Battered by the onslaught of a sea of clones, knockoffs, and price warriors, homegrown wearable and audio biggie boAt finds itself in choppy waters. Can the leader arrest an alarming slide in its market share?
Can boAt navigate the choppy waters?
Illustration: Chaitanya Dinesh Surpur
“Have you seen Pirates of the Caribbean,” the seasoned tech analyst posed an intriguing counter-question. “How do you explain the mayhem in the wearable and hearable market in India,” was the original query with which I started the conversation. Can Pirates of the Caribbean, I wondered, explain the dramatic crash—over 50 percent—in the prices of smartwatches, truly wireless stereo (TWS), and wearable segments over the last twelve months or so? The analyst, who has been closely tracking the Indian smartphone, smartwatches, and hearables and wearables markets for over a decade, takes us back to 2019.
Look at the market share of the three established brands. Apple topped the chart with a thumping 27 percent share in the hearable segment, JBL came third with eight percent, and South Korean giant Samsung was fourth on the ladder with seven percent. “The market grew furiously, the leadership stacking was settled, and the Indian market was poised to explode,” underlines the expert, requesting anonymity as his job profile with a top-tier consulting firm prevents him from commenting on individual brands. ‘The market was set to explode,” he says.

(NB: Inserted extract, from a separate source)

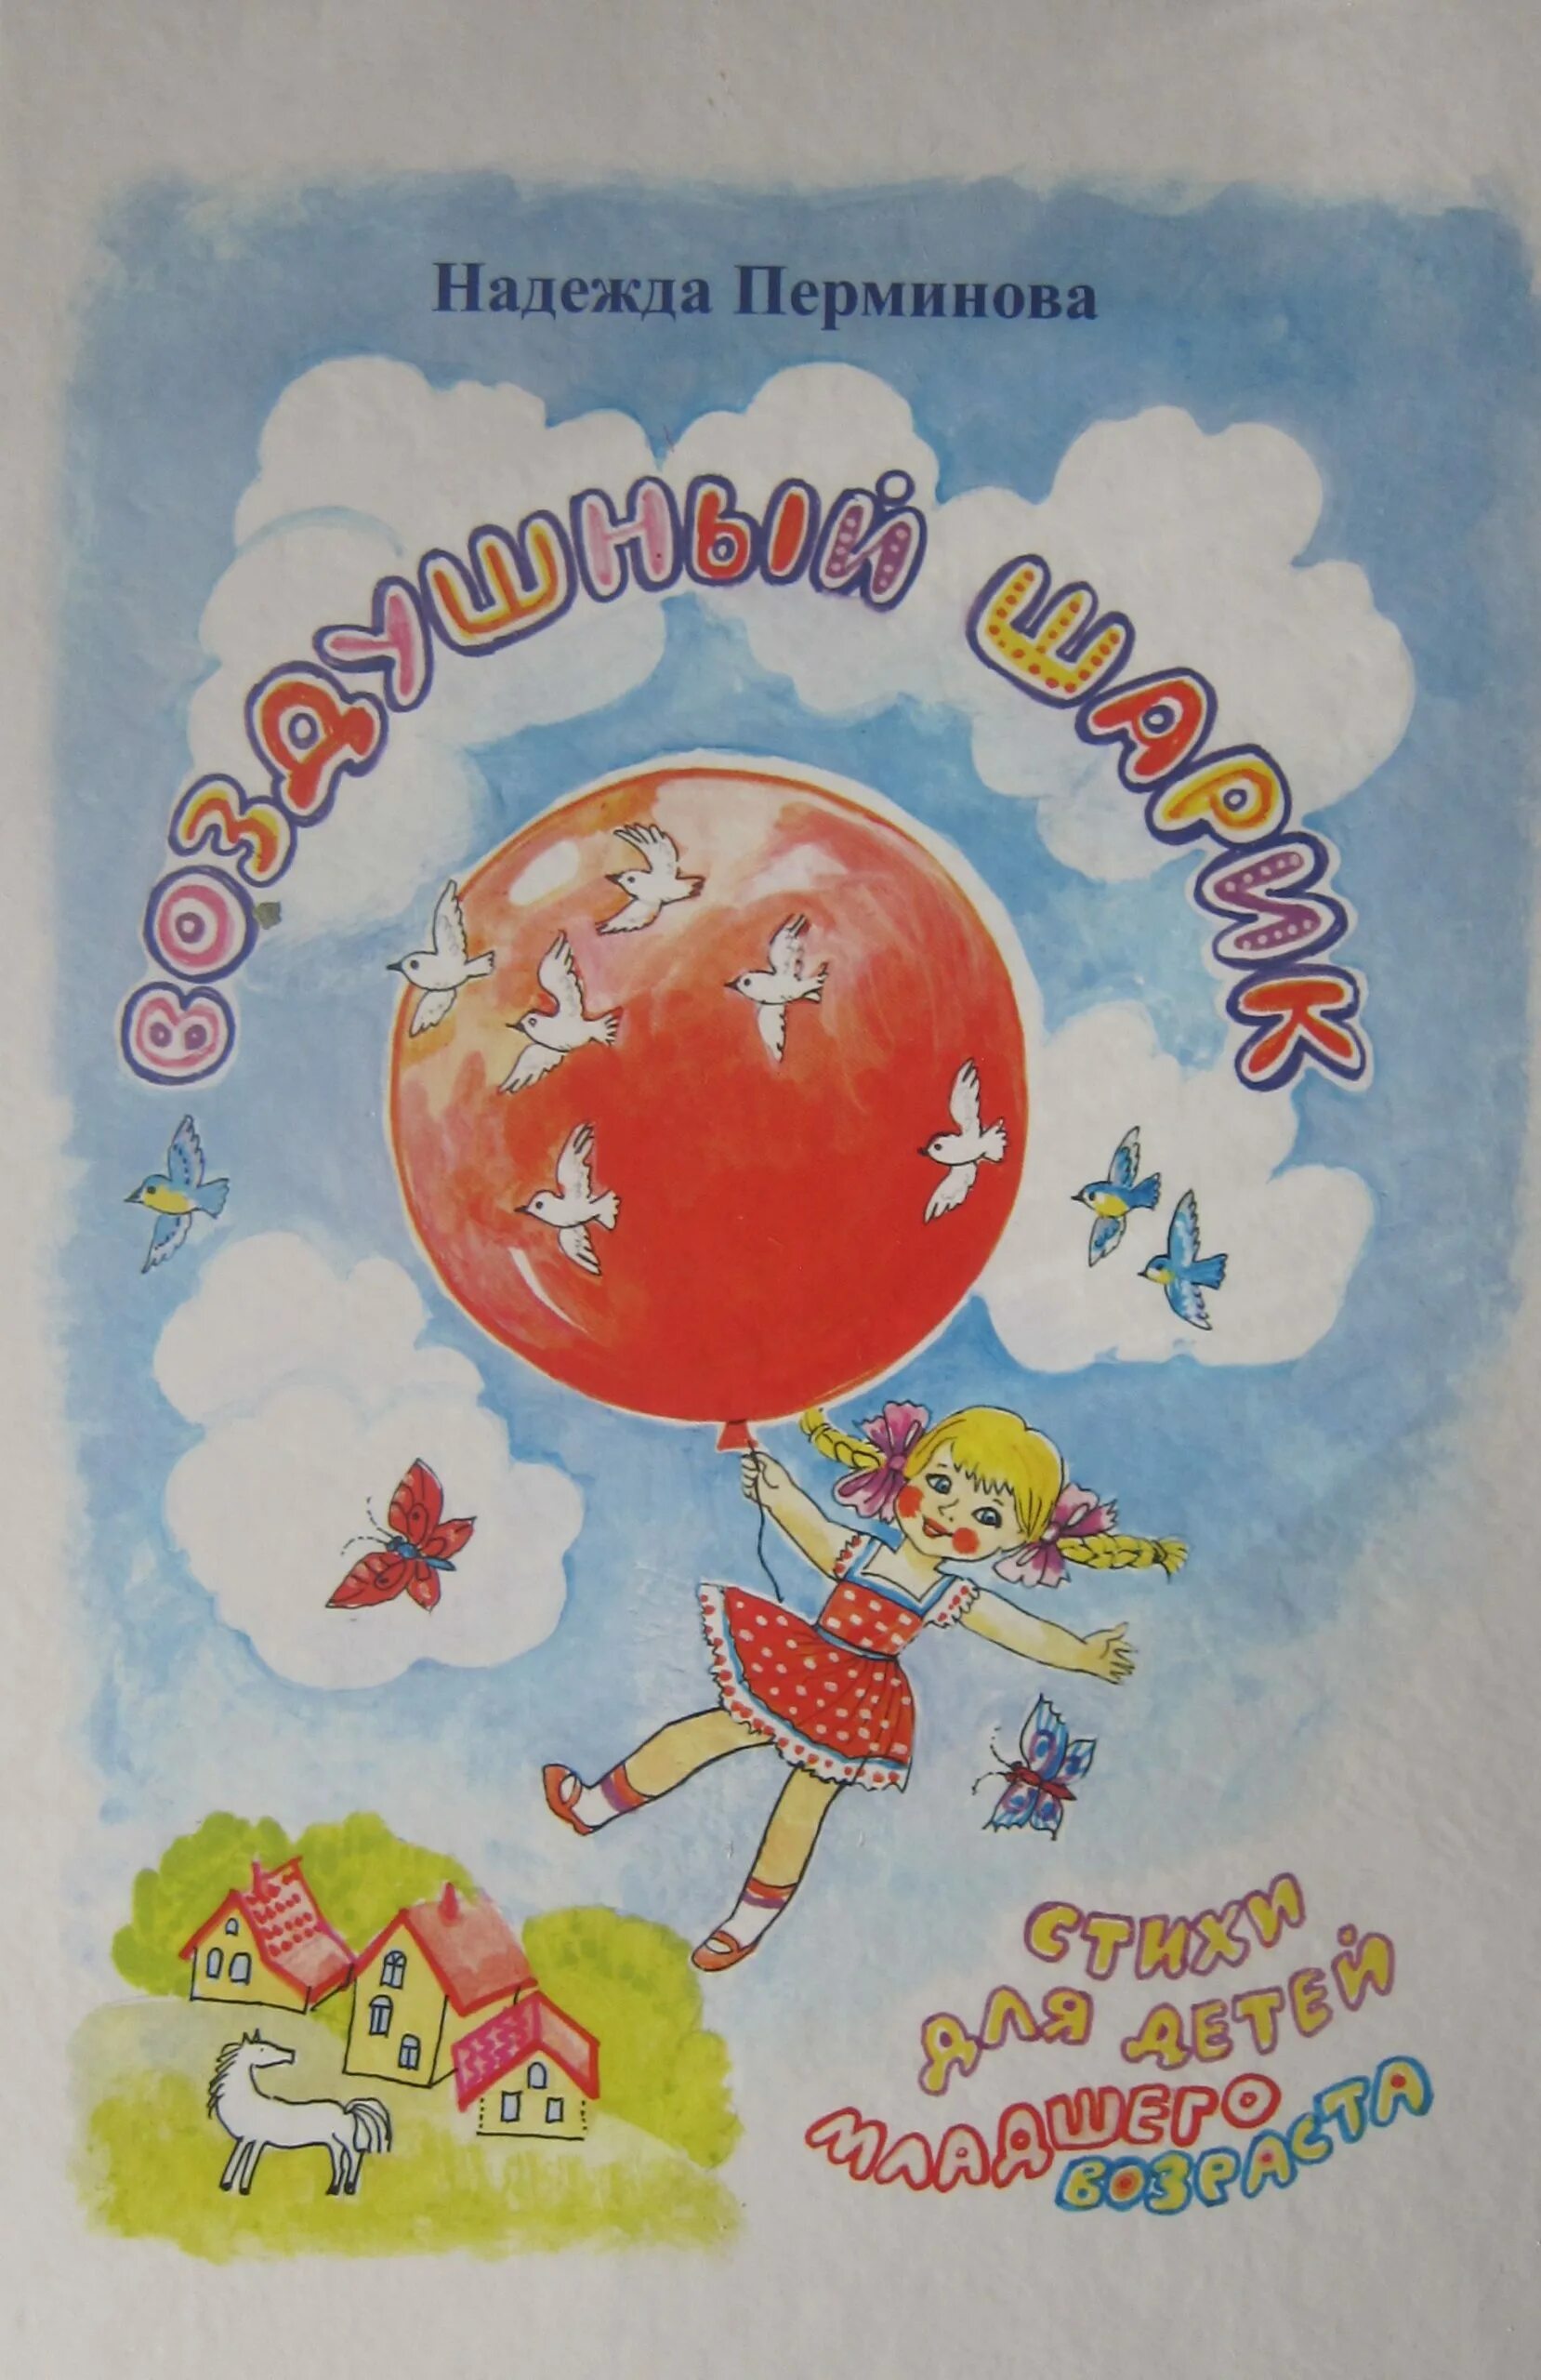 Воздушные шары читать. Перминова воздушный шарик книга. Книги о воздушных шарах. Путешествие на воздушных шарах книга. Книги про воздушные шары.

And the markets did explode over the next four years. In 2023, the wearable market posted a record growth: 134.2 million units, and a hefty 34 percent growth. Apple lost the crown and doesn’t even have a double-digit market share, JBL slipped out of the reckoning, and Samsung is not a force to reckon with. So, what went wrong for the global brands? “Blame it on the ‘pirates’,” reckons the analyst mentioned above. In 2019, he talks about an upstart that raced ahead of JBL and Samsung to become the second biggest after Apple, and India saw the emergence of a bunch of pirates. “Noise came second with a 12 percent market share,” he says, adding that a clutch of homegrown players such as boAt and Noise had stormed the market as price warriors, democratised the segment by making smartwatches, wearables and hearables’ affordable, and quickly displaced the market leaders. “The aggressive new Indian players acted like pirates,” he adds.
Fast forward four years. Noise is still the second biggest with a 13.8 percent share in the wearable market (see box). The other four among the top five are boAt, Fire-Boltt, Oppo, and Boult Audio. “But now we have a bunch of new and unknown pirates such as Promate, CMF, Hammer, Hapipola, and Nu Republic,” says the analyst mentioned above. These insignificant players—most have under one percent market share but form a huge chunk when counted together—are doing what once boAt, Noise and others did to Samsung, Apple, JBL, and Sony.